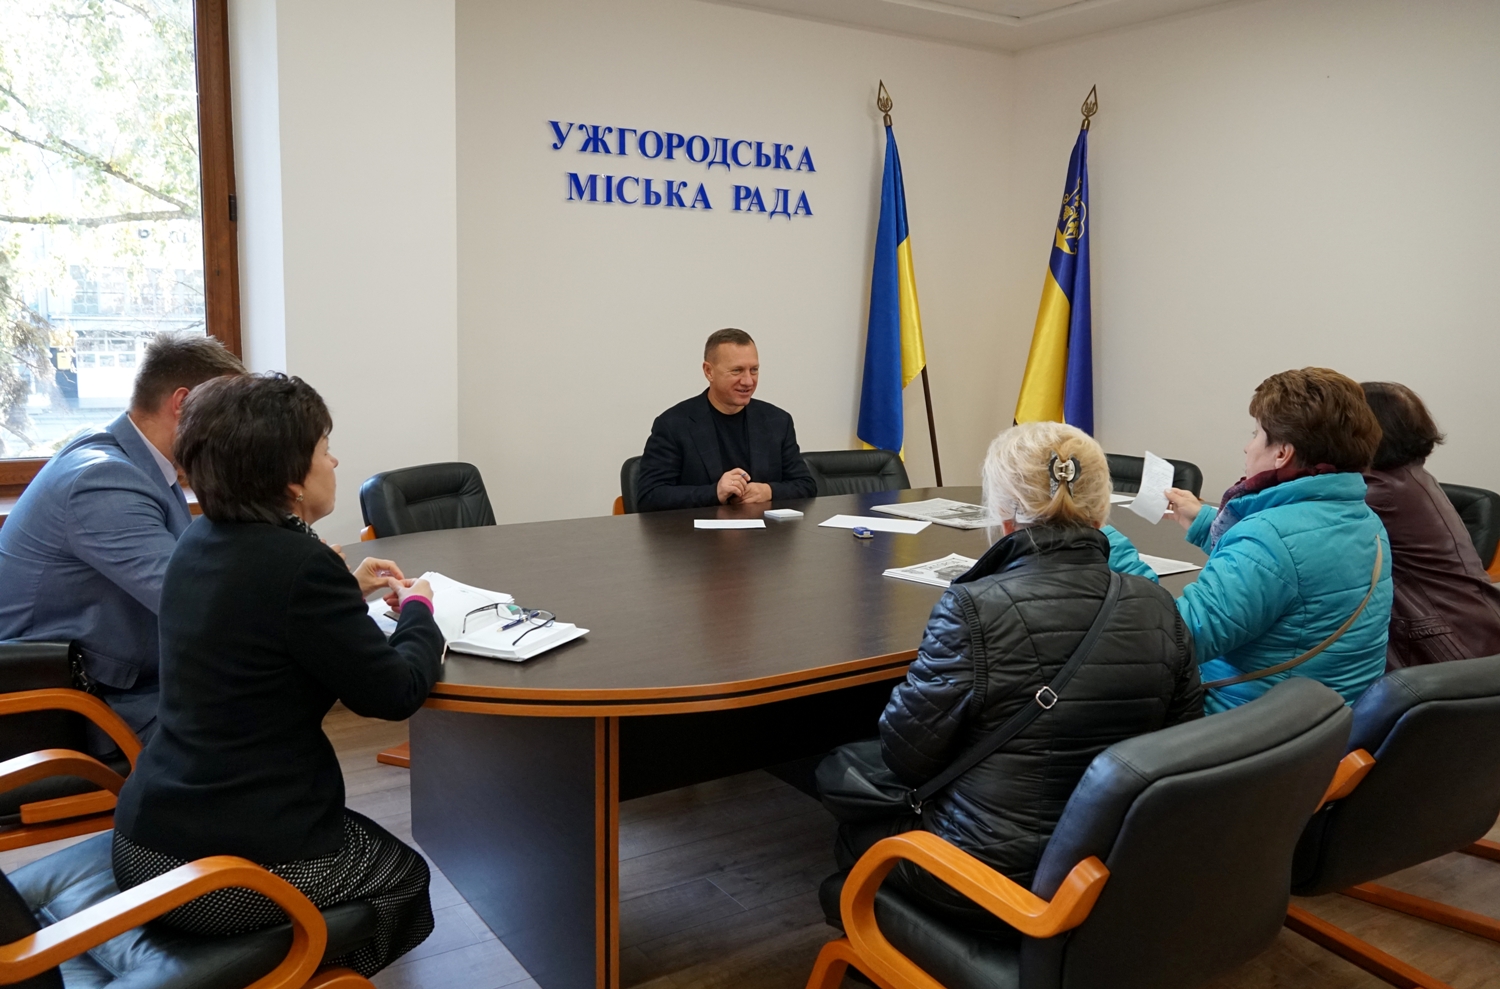 Міський голова Ужгорода Богдан Андріїв сьогодні провів черговий особистий прийом громадян
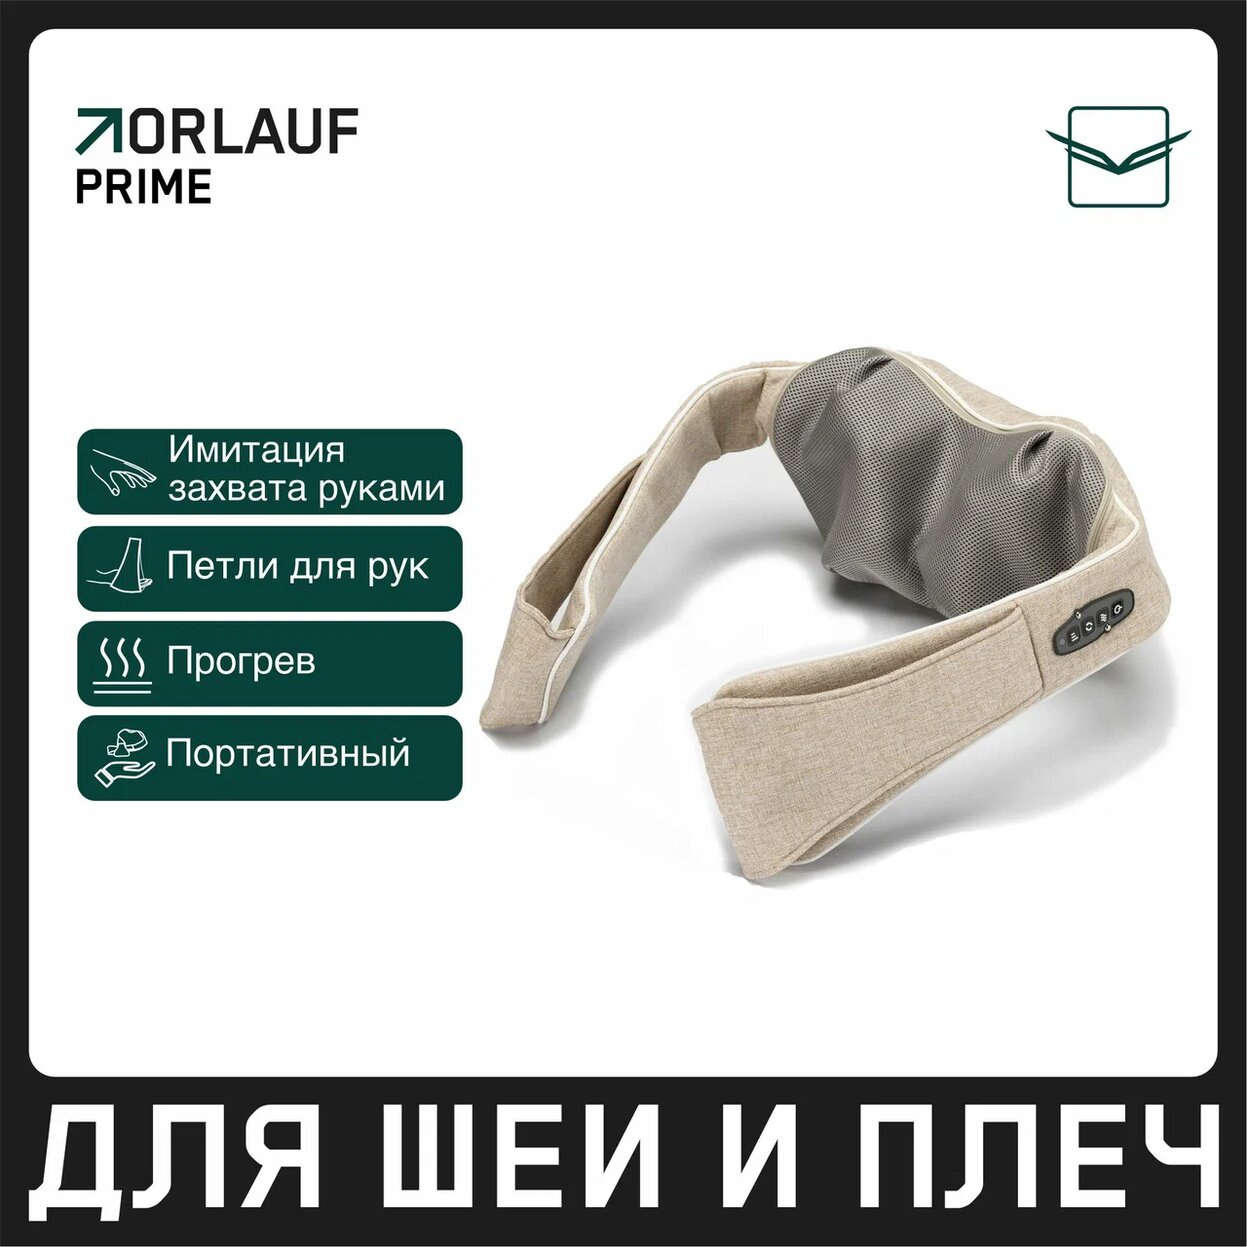 Orlauf Prime из каталога портативных массажеров в Волгограде по цене 11900 ₽
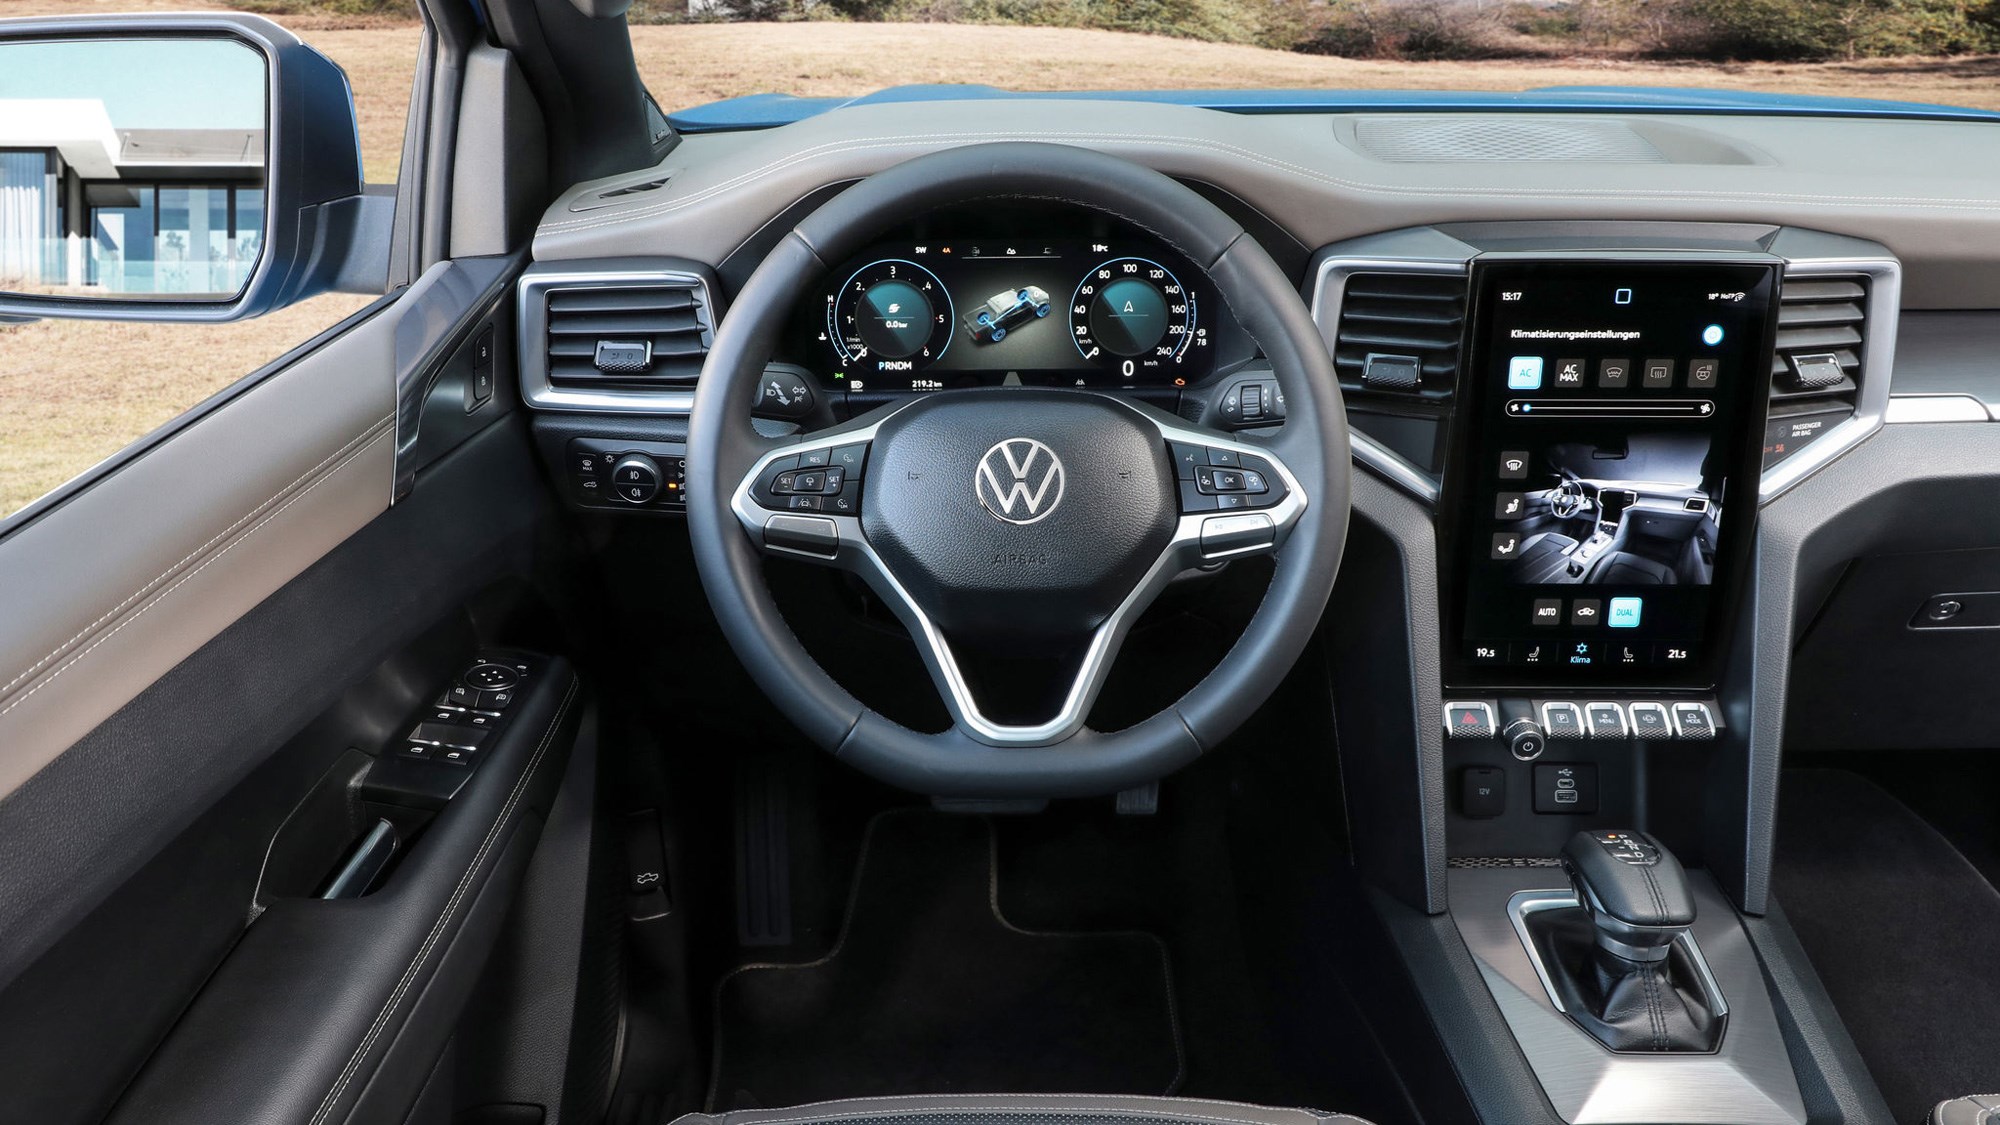 All-new VW Amarok priced from £33k + VAT
__________
» PROBLEM REQUIREMENTS
Leave the pictures out and return the rest of the material exactly.

» RESULT OF THE EXERCISE
 Міський голова Ужгорода Богдан Андріїв сьогодні провів черговий особистий прийом громадян
 Orlauf Prime из каталога портативных массажеров в Волгограде по цене 11900 ₽
 All-new VW Amarok priced from £33k + VAT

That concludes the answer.